▶ WHAT THE TASK REQUIRES: Search the listing below for the line containing "De neunjährige Malteserhündin". From there through the line containing "Old 2015 Toyota", transcribe every line exactly, both ends included.

##### EXERCISE INPUTS

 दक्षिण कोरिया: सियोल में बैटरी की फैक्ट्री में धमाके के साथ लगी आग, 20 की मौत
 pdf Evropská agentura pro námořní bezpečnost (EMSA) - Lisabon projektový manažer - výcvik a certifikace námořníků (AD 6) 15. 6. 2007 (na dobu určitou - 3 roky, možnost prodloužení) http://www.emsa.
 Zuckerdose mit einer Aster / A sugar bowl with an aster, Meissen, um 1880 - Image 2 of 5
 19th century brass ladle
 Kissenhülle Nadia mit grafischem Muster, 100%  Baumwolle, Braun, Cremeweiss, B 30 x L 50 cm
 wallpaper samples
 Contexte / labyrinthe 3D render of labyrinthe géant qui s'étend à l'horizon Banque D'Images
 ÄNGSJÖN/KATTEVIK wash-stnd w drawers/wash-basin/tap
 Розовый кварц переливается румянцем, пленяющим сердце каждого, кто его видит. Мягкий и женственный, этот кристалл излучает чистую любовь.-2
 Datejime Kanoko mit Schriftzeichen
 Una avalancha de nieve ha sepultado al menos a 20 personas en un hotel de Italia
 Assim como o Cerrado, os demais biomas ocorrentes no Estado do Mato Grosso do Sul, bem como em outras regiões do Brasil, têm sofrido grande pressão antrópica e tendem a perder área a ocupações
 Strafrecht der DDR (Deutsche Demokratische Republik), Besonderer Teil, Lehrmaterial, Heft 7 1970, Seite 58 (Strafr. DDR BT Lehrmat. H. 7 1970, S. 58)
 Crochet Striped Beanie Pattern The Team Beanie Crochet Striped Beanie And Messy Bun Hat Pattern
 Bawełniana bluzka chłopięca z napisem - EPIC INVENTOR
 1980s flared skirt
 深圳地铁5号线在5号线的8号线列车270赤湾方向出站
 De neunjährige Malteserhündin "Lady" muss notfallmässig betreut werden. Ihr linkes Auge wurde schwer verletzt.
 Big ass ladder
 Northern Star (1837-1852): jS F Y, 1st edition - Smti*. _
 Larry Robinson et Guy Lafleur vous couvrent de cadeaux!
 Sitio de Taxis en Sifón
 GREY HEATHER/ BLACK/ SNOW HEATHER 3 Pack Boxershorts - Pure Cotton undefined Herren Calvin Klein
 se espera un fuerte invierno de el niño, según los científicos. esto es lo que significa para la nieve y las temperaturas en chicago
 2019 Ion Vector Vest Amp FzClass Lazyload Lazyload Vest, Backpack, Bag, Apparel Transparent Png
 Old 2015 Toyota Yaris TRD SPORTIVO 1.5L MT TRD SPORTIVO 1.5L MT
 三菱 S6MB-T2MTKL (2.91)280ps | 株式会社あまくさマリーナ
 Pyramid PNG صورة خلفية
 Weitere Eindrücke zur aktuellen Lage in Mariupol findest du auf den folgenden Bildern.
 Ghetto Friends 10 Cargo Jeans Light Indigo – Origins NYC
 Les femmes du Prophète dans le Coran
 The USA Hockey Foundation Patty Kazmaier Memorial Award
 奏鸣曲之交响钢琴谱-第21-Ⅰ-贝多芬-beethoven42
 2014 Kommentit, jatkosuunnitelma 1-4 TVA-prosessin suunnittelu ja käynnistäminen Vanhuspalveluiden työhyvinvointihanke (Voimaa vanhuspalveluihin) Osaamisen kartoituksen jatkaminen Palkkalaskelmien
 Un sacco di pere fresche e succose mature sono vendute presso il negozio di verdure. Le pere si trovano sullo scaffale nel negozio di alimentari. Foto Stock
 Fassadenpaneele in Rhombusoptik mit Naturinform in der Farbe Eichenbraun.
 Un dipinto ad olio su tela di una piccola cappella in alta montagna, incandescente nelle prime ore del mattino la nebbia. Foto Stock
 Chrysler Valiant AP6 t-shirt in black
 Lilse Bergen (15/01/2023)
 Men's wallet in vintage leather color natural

##########

▶ ANSWER TO THE PROBLEM:
 De neunjährige Malteserhündin "Lady" muss notfallmässig betreut werden. Ihr linkes Auge wurde schwer verletzt.
 Big ass ladder
 Northern Star (1837-1852): jS F Y, 1st edition - Smti*. _
 Larry Robinson et Guy Lafleur vous couvrent de cadeaux!
 Sitio de Taxis en Sifón
 GREY HEATHER/ BLACK/ SNOW HEATHER 3 Pack Boxershorts - Pure Cotton undefined Herren Calvin Klein
 se espera un fuerte invierno de el niño, según los científicos. esto es lo que significa para la nieve y las temperaturas en chicago
 2019 Ion Vector Vest Amp FzClass Lazyload Lazyload Vest, Backpack, Bag, Apparel Transparent Png
 Old 2015 Toyota Yaris TRD SPORTIVO 1.5L MT TRD SPORTIVO 1.5L MT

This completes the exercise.